From the records below, print only the part that opens with the line containing "NETGEAR GS748T manual" and closes with the line containing "Pump Hand Pump"; omit the pictures.

Exercise materials:
--- START ---
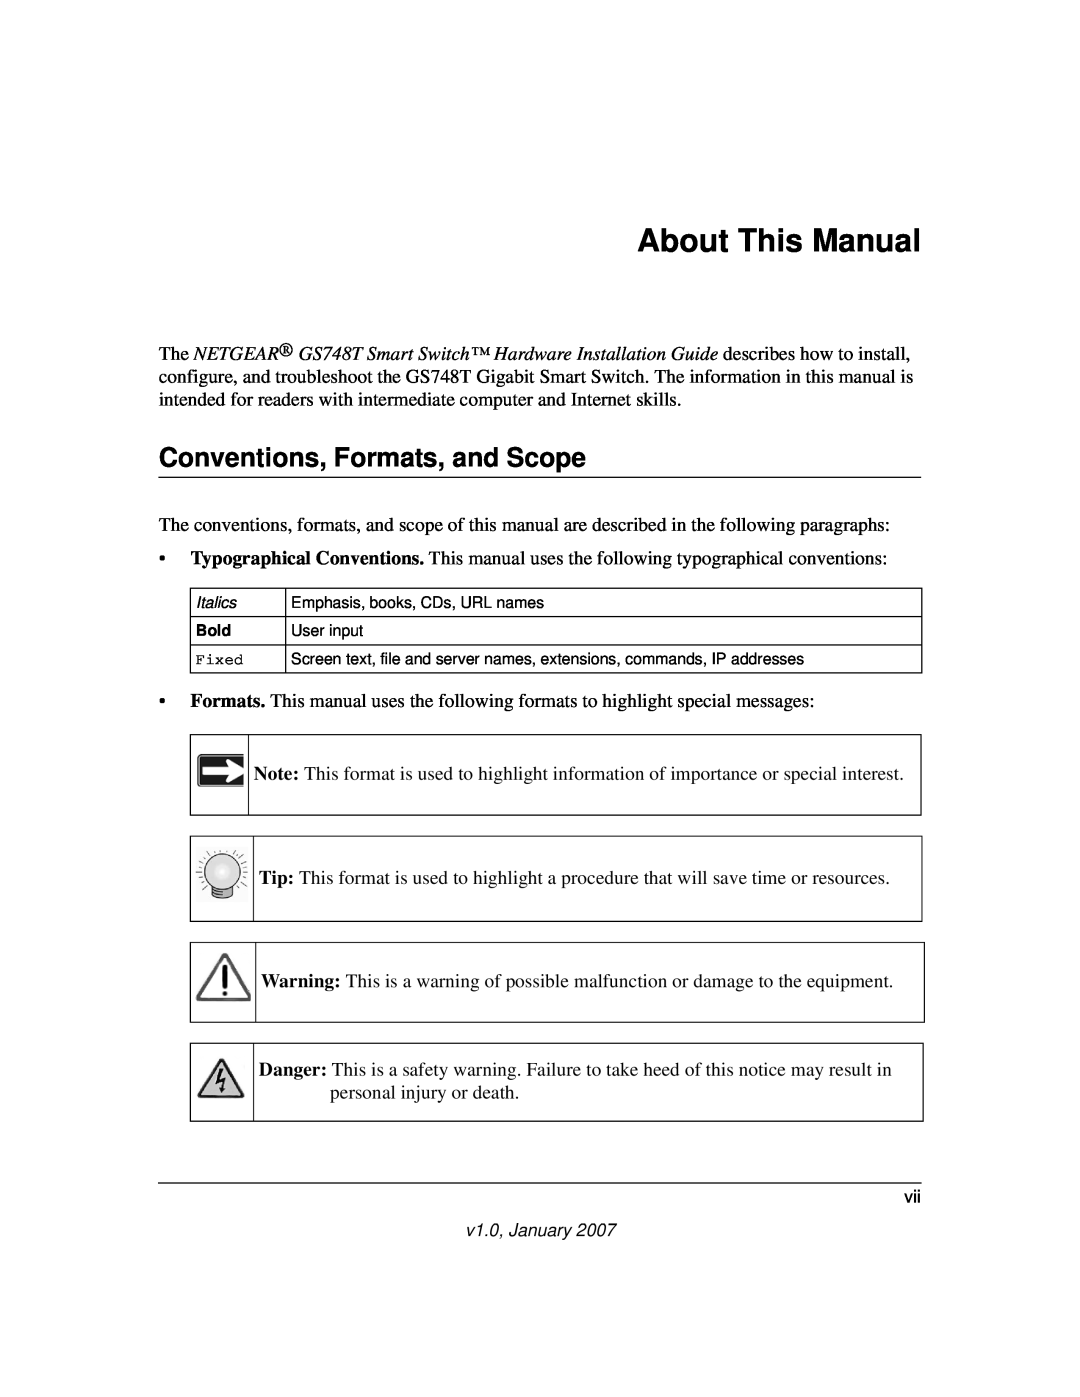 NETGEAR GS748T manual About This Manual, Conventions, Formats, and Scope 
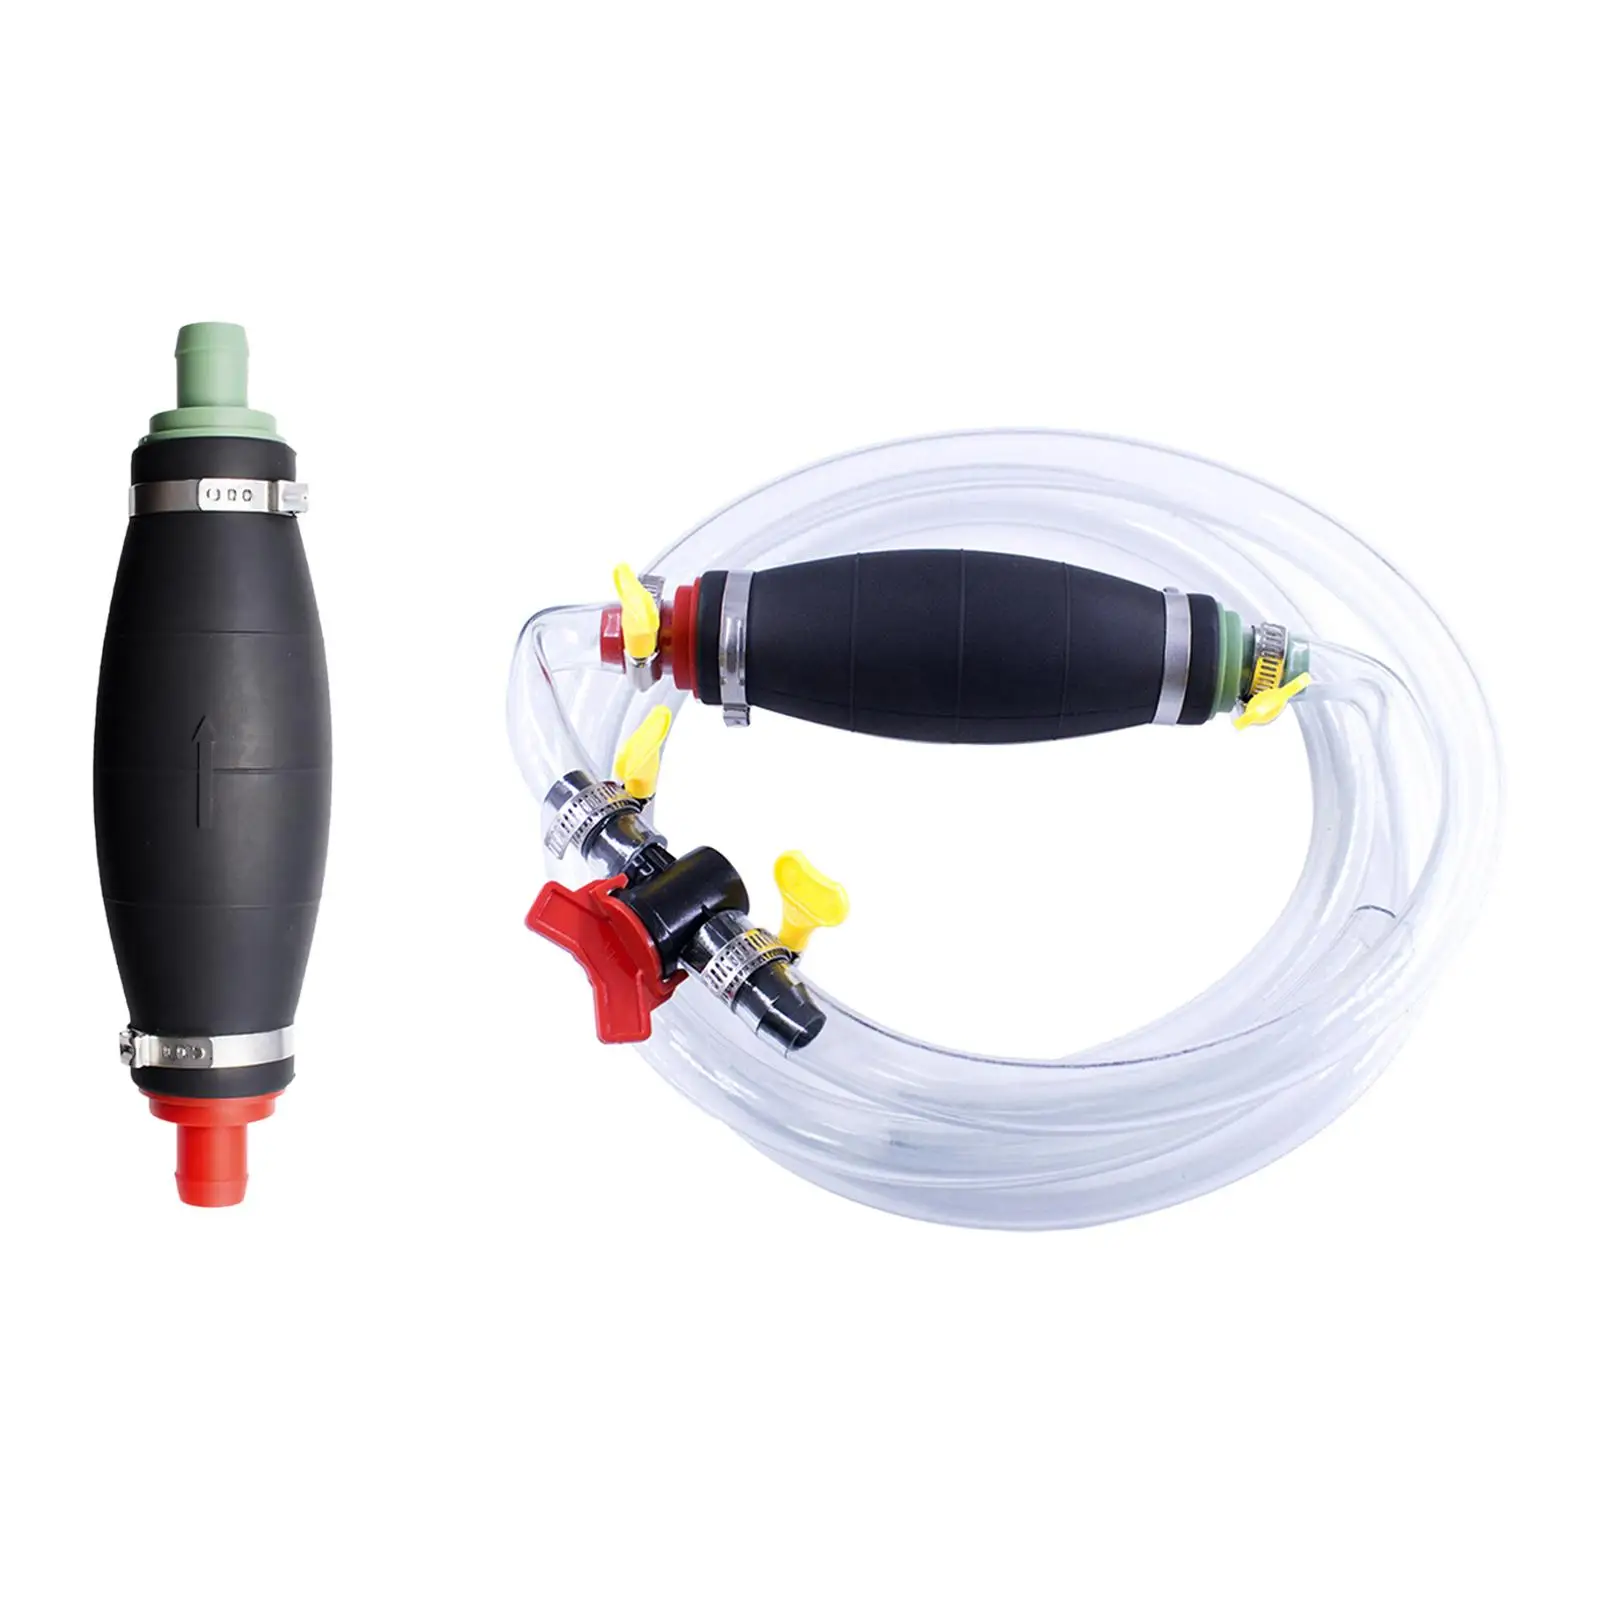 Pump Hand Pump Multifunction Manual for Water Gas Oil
--- END ---
--- START ---
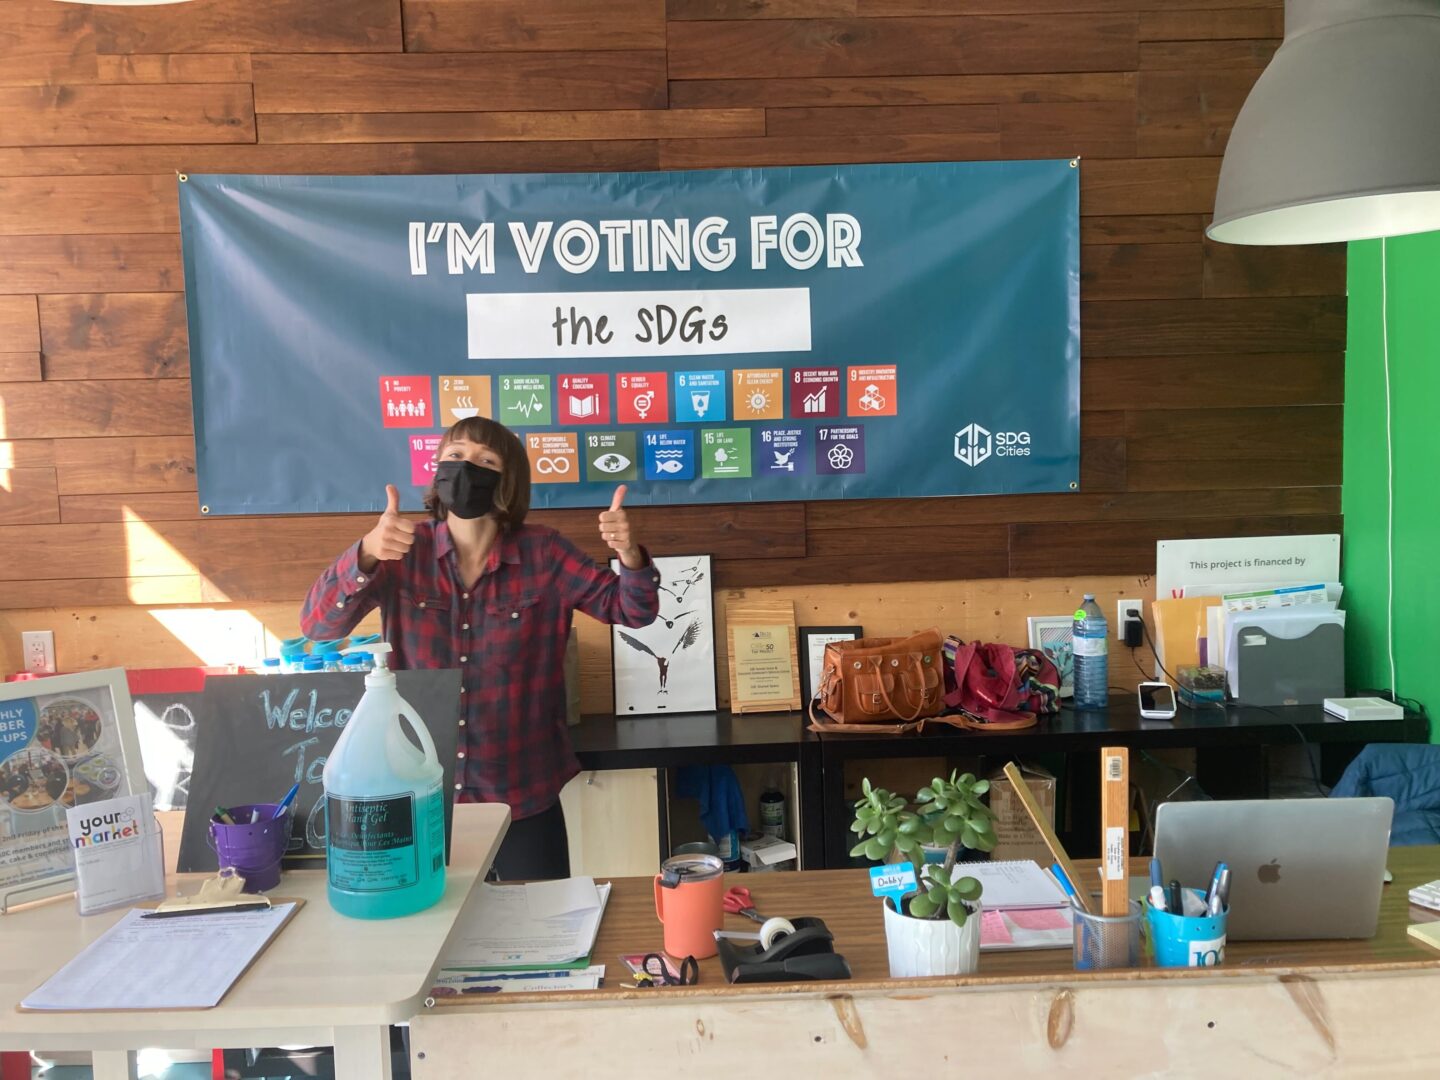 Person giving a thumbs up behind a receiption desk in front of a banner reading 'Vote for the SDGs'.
--- END ---
--- START ---
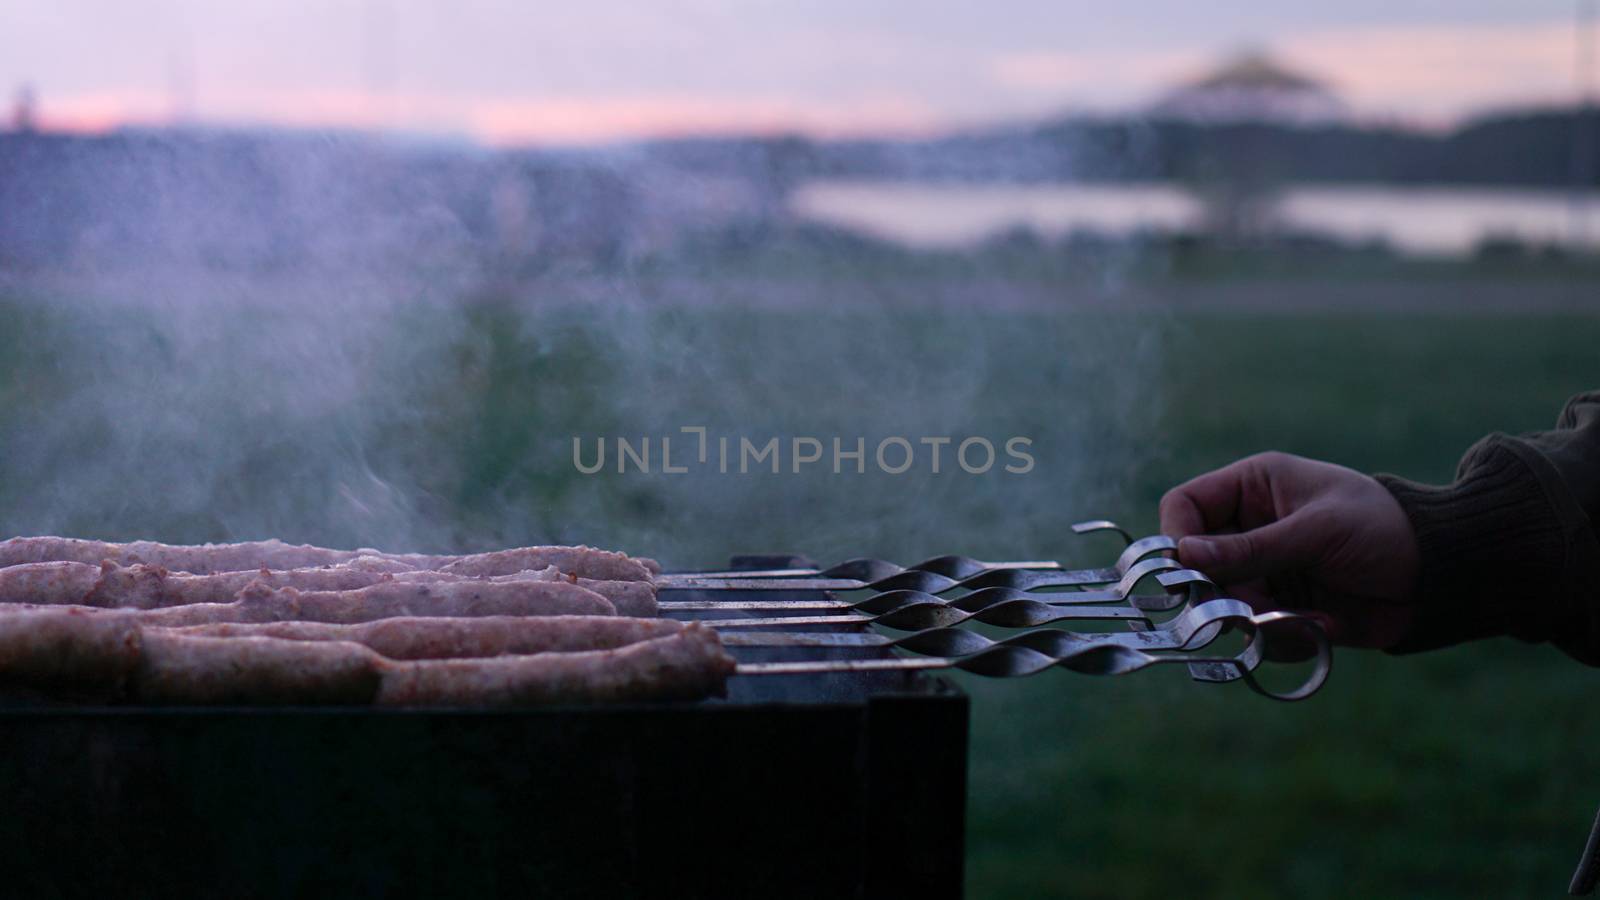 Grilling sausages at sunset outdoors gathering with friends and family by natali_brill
--- END ---
Answer to this task:
 NETGEAR GS748T manual About This Manual, Conventions, Formats, and Scope 
 Pump Hand Pump Multifunction Manual for Water Gas Oil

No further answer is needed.